The Vienna-based organization expects Chinese oil demand to rise by 271,000 b/d to 17 million b/d in 2025, especially from the transport and petrochemical sectors. However, it flagged growing uncertainty from the country’s trade conflict with the U.S. In contrast, the IEA lowered its forecast for Chinese demand growth in 2025 to 155,000 b/d and projected modest gains in 2026. It argued that the negative effects of the trade war will be long-lasting.
In the U.S., the IEA noted that lower oil prices may temper growth in shale oil production. It expects U.S. output to rise by 260,000 b/d in 2025 and only 110,000 b/d in 2026. It added that shale’s responsiveness to price swings has diminished in recent years, and investor caution driven by volatility could further dampen output growth. Nevertheless, the U.S. is still forecast to lead non-OPEC+ supply additions, which it sees growing by 1.3 million b/d in 2025 and 920,000 b/d in 2026.
Stocks and production outlook
The IEA now projects global oil stocks to increase by over 700,000 b/d across 2025, nearly hitting 1 million b/d in 2026. Its forecast for the “call” on OPEC+ crude — the volume needed to balance the market — is 40.8 million b/d, below both earlier estimates and OPEC’s own figure of 42.55 million b/d. Venezuela’s production outlook has dimmed further following Trump’s decision in February to revoke Chevron’s sanctions waiver.
The IEA expects production to fall from 850,000 b/d to 500,000 b/d starting in May. Sanctions on Iran and Russia also remain key swing factors for the supply side. Meanwhile, indirect nuclear talks between the U.S. and Iran continue, with tighter U.S. sanctions targeting Iranian crude shipments, mostly bound for China.
The latest production signals from OPEC+ added to the volatility. Earlier in April, the group of eight producers announced a 411,000 b/d supply increase for May as part of a decision to taper gradually voluntary cuts. This was far higher than the 138,000 b/d rise in April and took the market by surprise. The announcement, coming just a day after Trump’s tariff decision, contributed to the price slump. However, actual supply gains may be limited due to compensation cuts required of overproducing members.

A new table from the OPEC Secretariat indicates that planned compensation cuts from Saudi Arabia, Russia, Iraq, the UAE, Kuwait, Kazakhstan, and Oman amount to 378,000 b/d in May — effectively neutralizing the headline increase.

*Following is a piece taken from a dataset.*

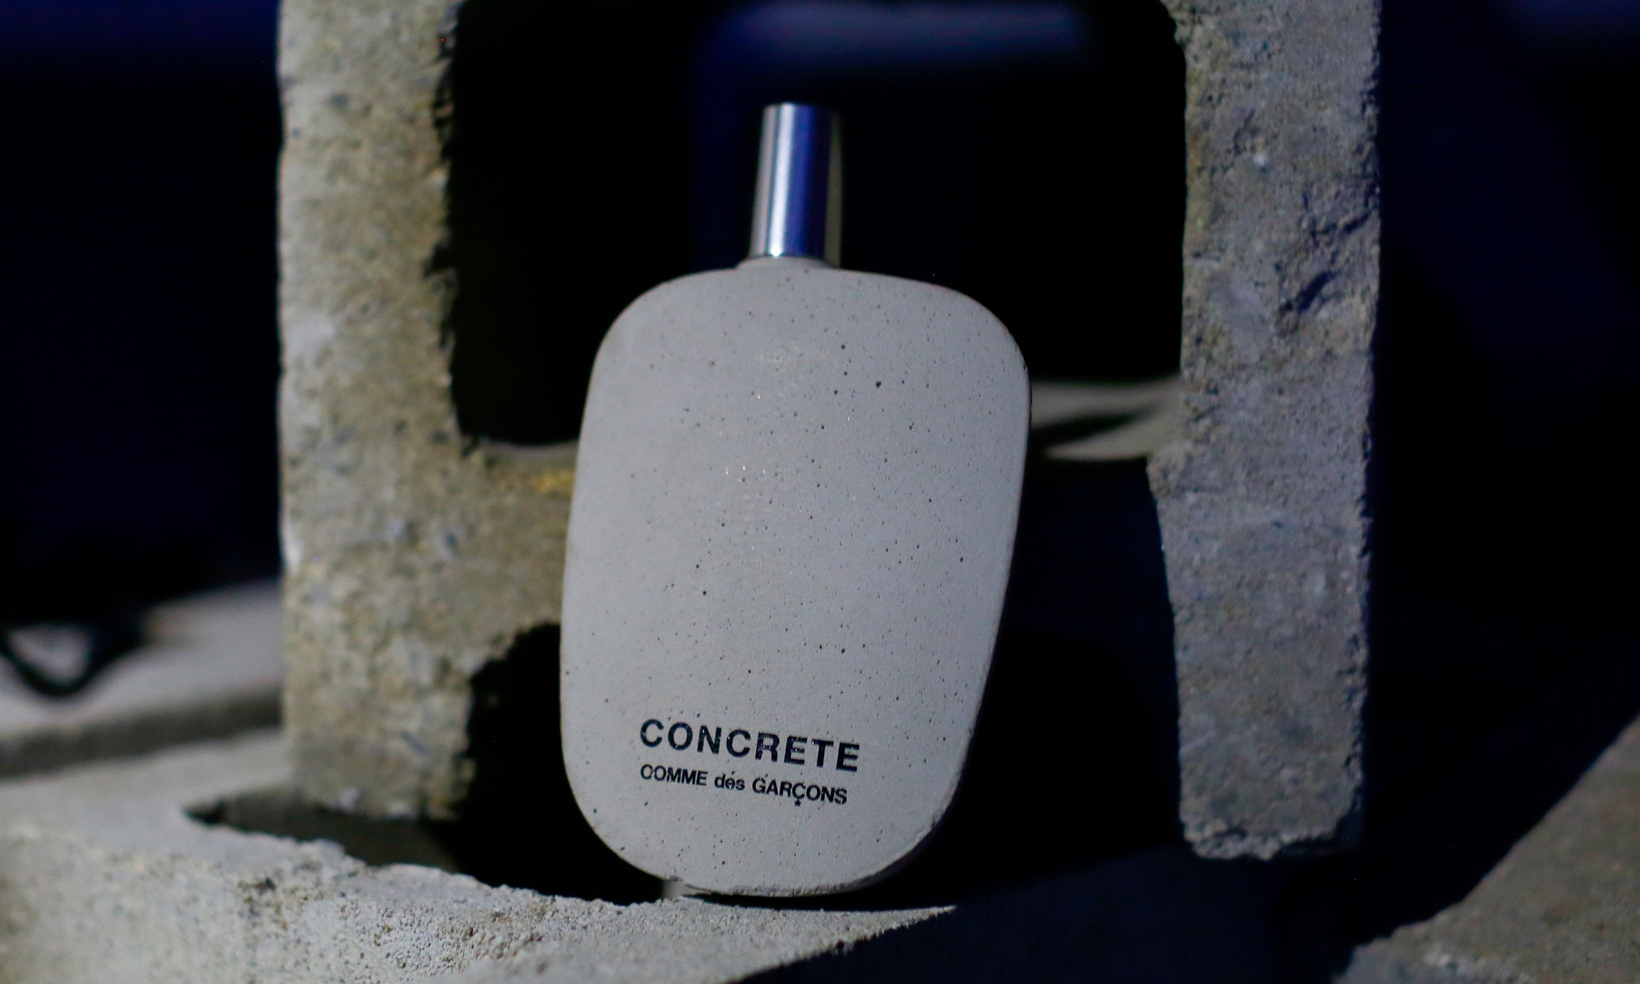 COMME des GARÇON 推出 CONCRETE 香水向纽约致敬

Yet questions remain over compliance, especially from Iraq and Kazakhstan, both of which have overproduced recently. The next OPEC meeting on June output levels is scheduled for May 5, with the Joint Ministerial Monitoring Committee convening on May 28.
Looking ahead, oil market dynamics will continue to be shaped by shifting trade policies, production adjustments, and broader macroeconomic shifts. As the IEA summarized, the coming months will be marked by “a bumpy ride” with considerable uncertainties clouding the outlook.